Жену Егора Ивановича я уж видел: высокая, чинная, лицо доброе, но строгое. Видел утром мельком и хозяина на покосе. Он только что тогда приехал было из города, где пропил все деньги, и скрывался в своем летнем помещении — в избушке; какой-то косматый, страшный. Вечером дочь привезла его. Он был трезвый, сейчас же вошел ко мне и сел с ухватками совершенно дикого человека. Короткие ноги, очень короткие мясистые руки, длинное толстое тело; громадная всклокоченная голова с плешью как раз на макушке; весь рыже-бурый; в мохнатой широкой рубахе, широких штанах, босой и неуклюжий — настоящий дикий. Лицо крупное, бородатое, вздутое от пьянства. Глаза бегают— водки ищут. Вся его фигура, вся его утроба тянет его теперь к водке, и весь остальной мир уж не существует для него. Водка — он оживлен и готов действовать. Нет водки — он угрюм, мрачен и сварлив.
— Ну, — проговорил он, — как же так? Яшка, к примеру, купеческий сын; ну так что же, что он купеческий, его разве нельзя по сусалам?
— Хозяин? — спрашиваю я в ответ.
— Ну, хозяин.
— Ты что же, пьешь, говорят?
— Есть маненько.
— Жил хорошо раньше?
— Плохо ли жил: пятьдесят лошадей держал.
— Теперь сколько?
— Пять осталось.
— И то ведь хорошо. Дом какой — жить можно.
— Когда нельзя… Дай-ка бы водки… Рабочим все выдали твоим: и пищу и квартиру… Акромя нас, хоть на улице ночуй. Народ у нас…
Хозяин замотал башкой.
— Корят меня, а мне что? Пусть им всем пусто будет… Мы, слышь, каины все… Ну давай, что ли, водки!

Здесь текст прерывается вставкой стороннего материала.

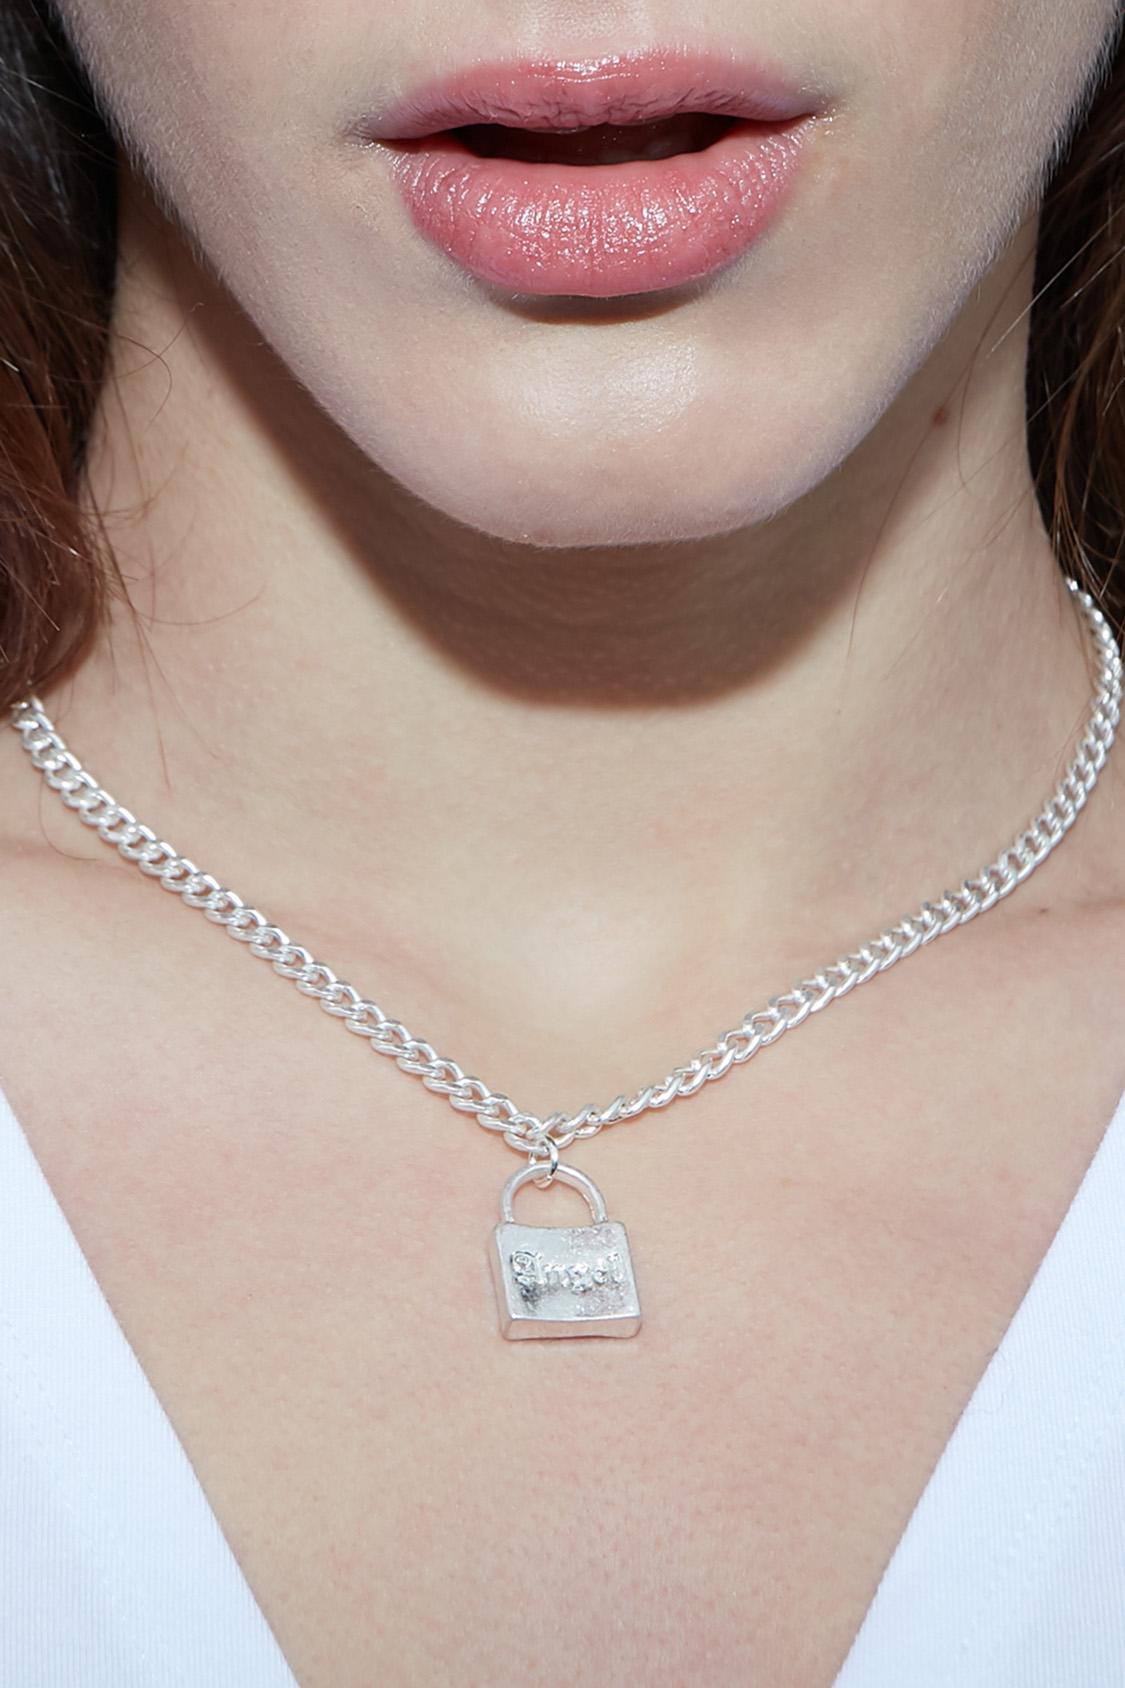 Angel padlock necklace

Подал я ему стаканчик, — схватил, выпил и ушел, тяжело, по-медвежьи, ступая. Рабочие мои попросили водки. Я вышел в кухню, даю денег и говорю, чтоб и хозяину подали.
А старуха его строго говорит:
— Не пьет хозяин.
А хозяин смотрит на хозяйку свою, — только чешется. Потом осмелился и говорит:
— Пью же.
Смеются все.
Пока я стоял — он молчал, а вышел я — он стал ругаться громко и неприлично. Обе двери плотно затворила заботливая рука хозяйки, чтоб не слышал я домашнего срама. Зачем-то вышел я и мельком опять увидел косматую фигуру хозяина: сидит на скамье, отвалился головой на косяк окна, вытянул ноги и сидит, и сам не знает, куда его качнет, в ухо ли запалить кому попало, схватить ли что-нибудь и марш в кабак…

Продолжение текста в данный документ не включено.